* _Data extract_:
=== Section Start ===
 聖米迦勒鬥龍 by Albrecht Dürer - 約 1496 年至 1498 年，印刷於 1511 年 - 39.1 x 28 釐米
=== Section End ===
=== Section Start ===
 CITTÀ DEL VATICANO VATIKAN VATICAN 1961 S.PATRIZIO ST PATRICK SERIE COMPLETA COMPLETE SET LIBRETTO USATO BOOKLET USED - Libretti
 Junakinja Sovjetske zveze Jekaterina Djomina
=== Section End ===
=== Section Start ===
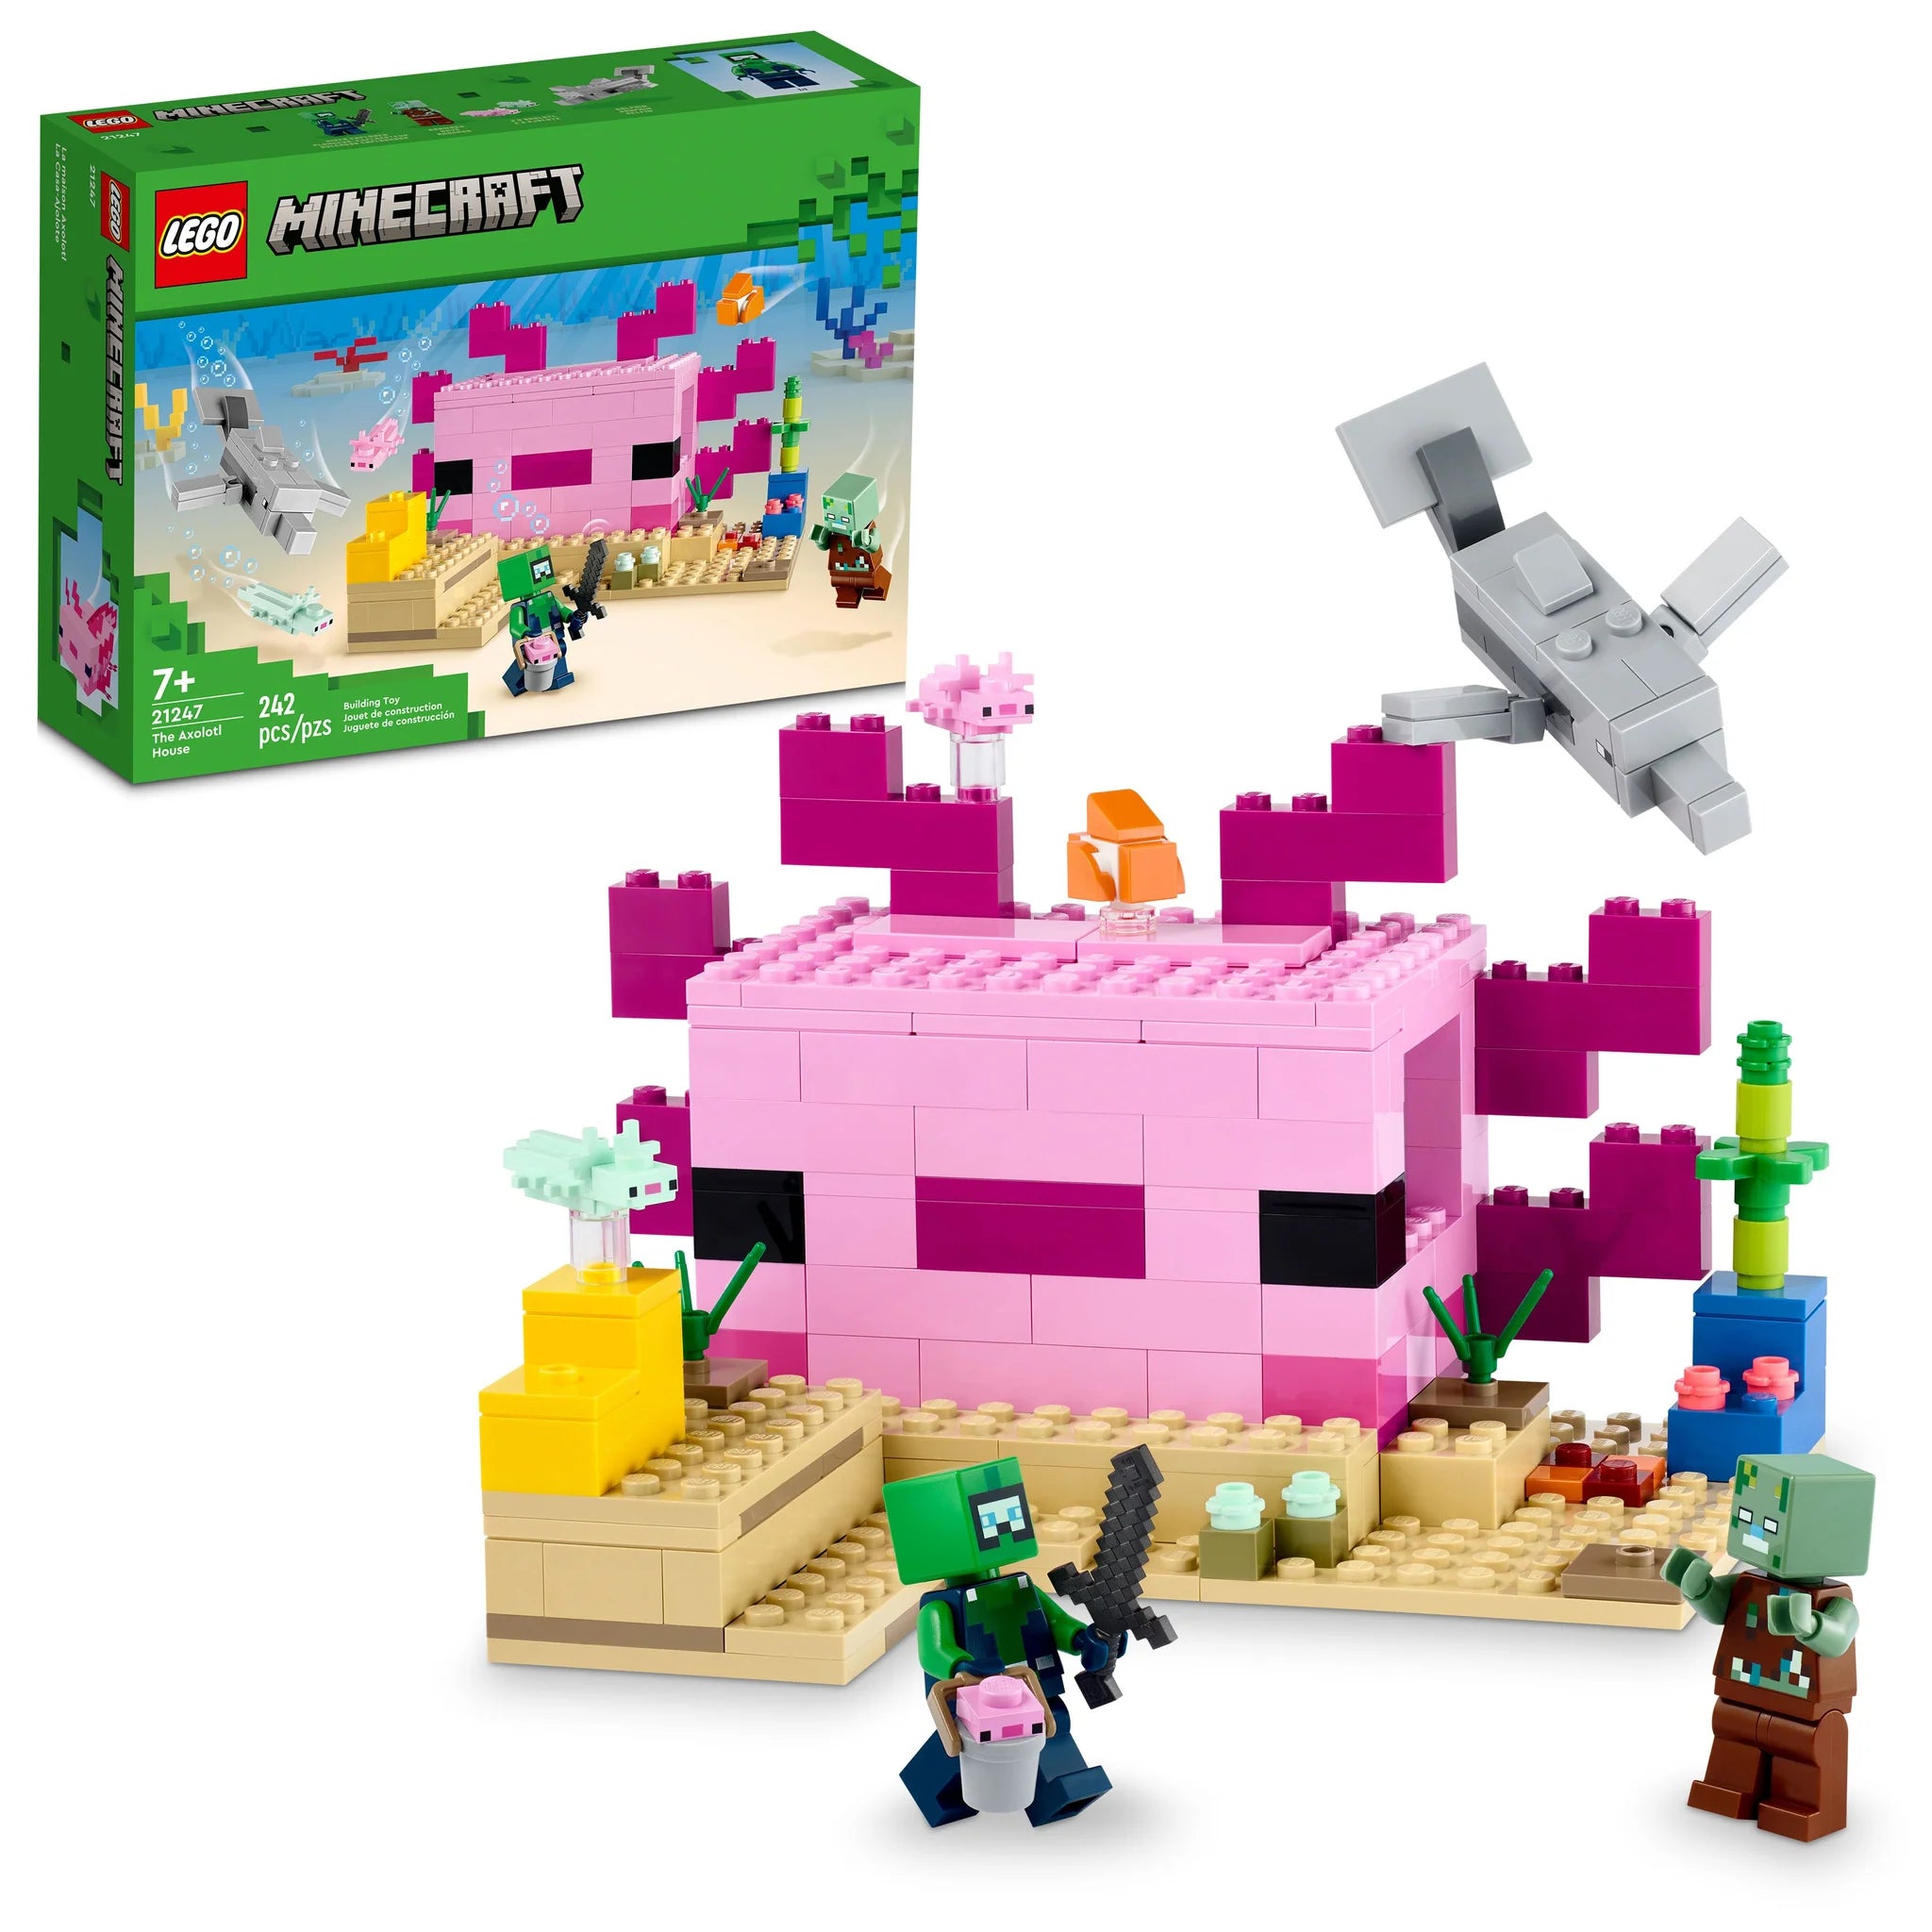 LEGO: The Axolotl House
=== Section End ===
* _Try it_: Out of the data above, give again only the lines starting at the one holding "CITTÀ DEL VATICANO" and ending at the one holding "Junakinja Sovjetske zveze Jekaterina Djomina", unchanged.

* _Written response_:
 CITTÀ DEL VATICANO VATIKAN VATICAN 1961 S.PATRIZIO ST PATRICK SERIE COMPLETA COMPLETE SET LIBRETTO USATO BOOKLET USED - Libretti
 Junakinja Sovjetske zveze Jekaterina Djomina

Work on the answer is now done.